# Supplied records:
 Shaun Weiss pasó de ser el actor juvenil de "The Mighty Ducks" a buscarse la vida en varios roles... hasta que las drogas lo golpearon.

* * *

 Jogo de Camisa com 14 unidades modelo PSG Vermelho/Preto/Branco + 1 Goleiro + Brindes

...

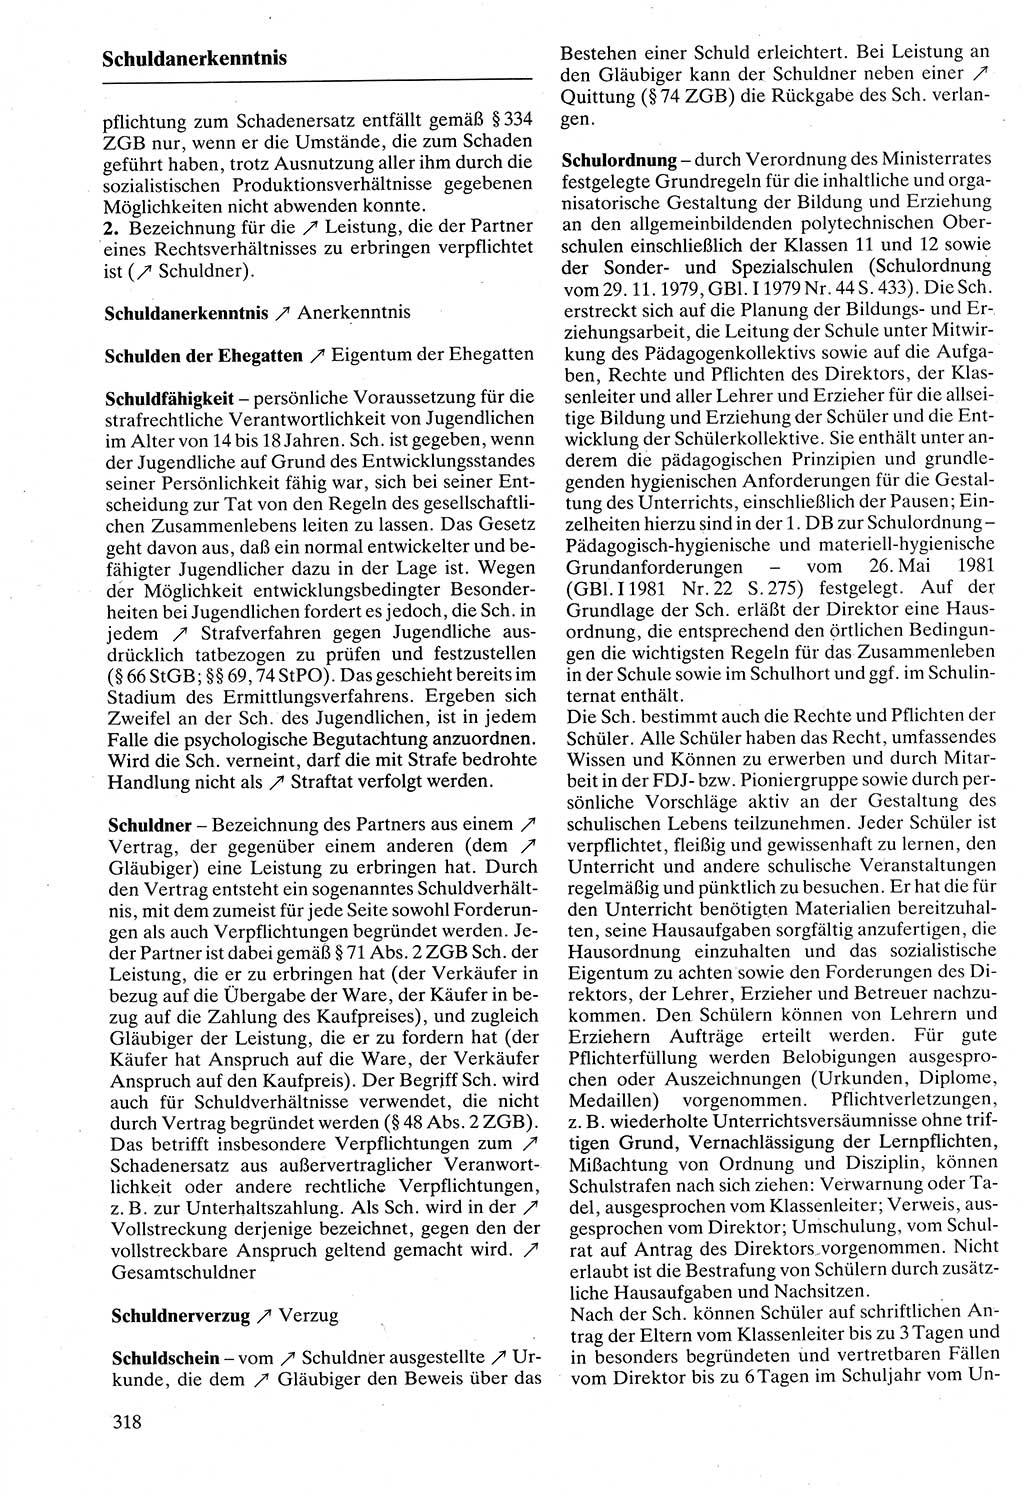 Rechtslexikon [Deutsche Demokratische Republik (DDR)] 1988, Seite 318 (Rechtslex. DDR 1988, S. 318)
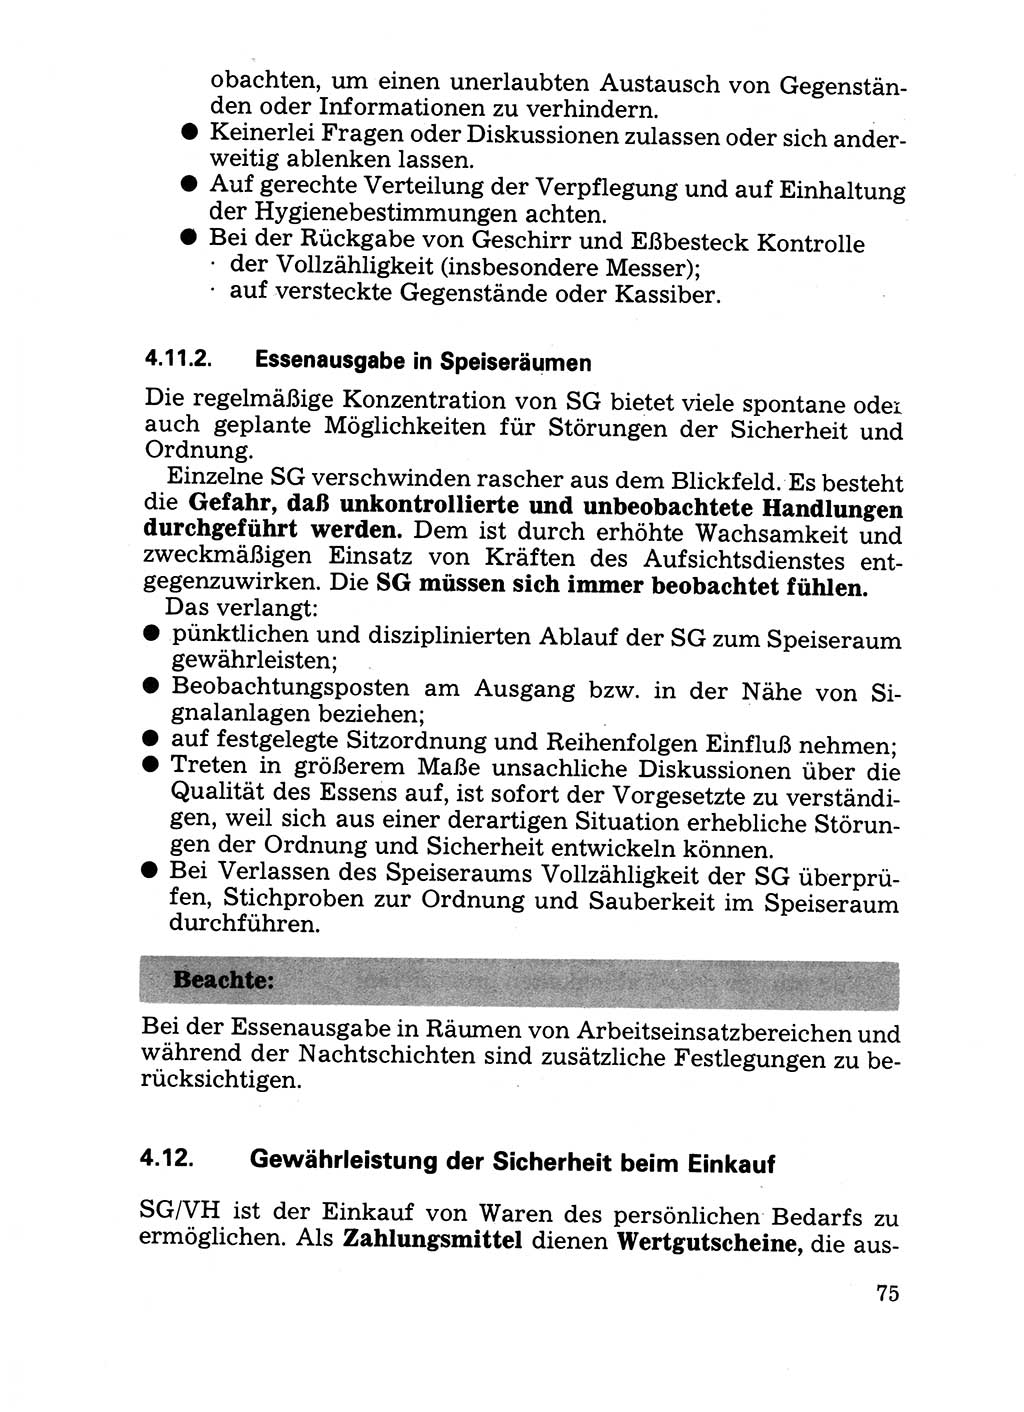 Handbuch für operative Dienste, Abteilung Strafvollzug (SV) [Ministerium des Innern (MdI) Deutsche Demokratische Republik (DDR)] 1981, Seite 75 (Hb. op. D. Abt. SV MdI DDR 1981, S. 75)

# What is expected:
Look above for the line containing "Rechtslexikon [Deutsche Demokratische", then copy exactly from it through the line containing "Handbuch für operative", keeping both and leaving out pictures. Add nothing else.

# Response to this task:
 Rechtslexikon [Deutsche Demokratische Republik (DDR)] 1988, Seite 318 (Rechtslex. DDR 1988, S. 318)
 Handbuch für operative Dienste, Abteilung Strafvollzug (SV) [Ministerium des Innern (MdI) Deutsche Demokratische Republik (DDR)] 1981, Seite 75 (Hb. op. D. Abt. SV MdI DDR 1981, S. 75)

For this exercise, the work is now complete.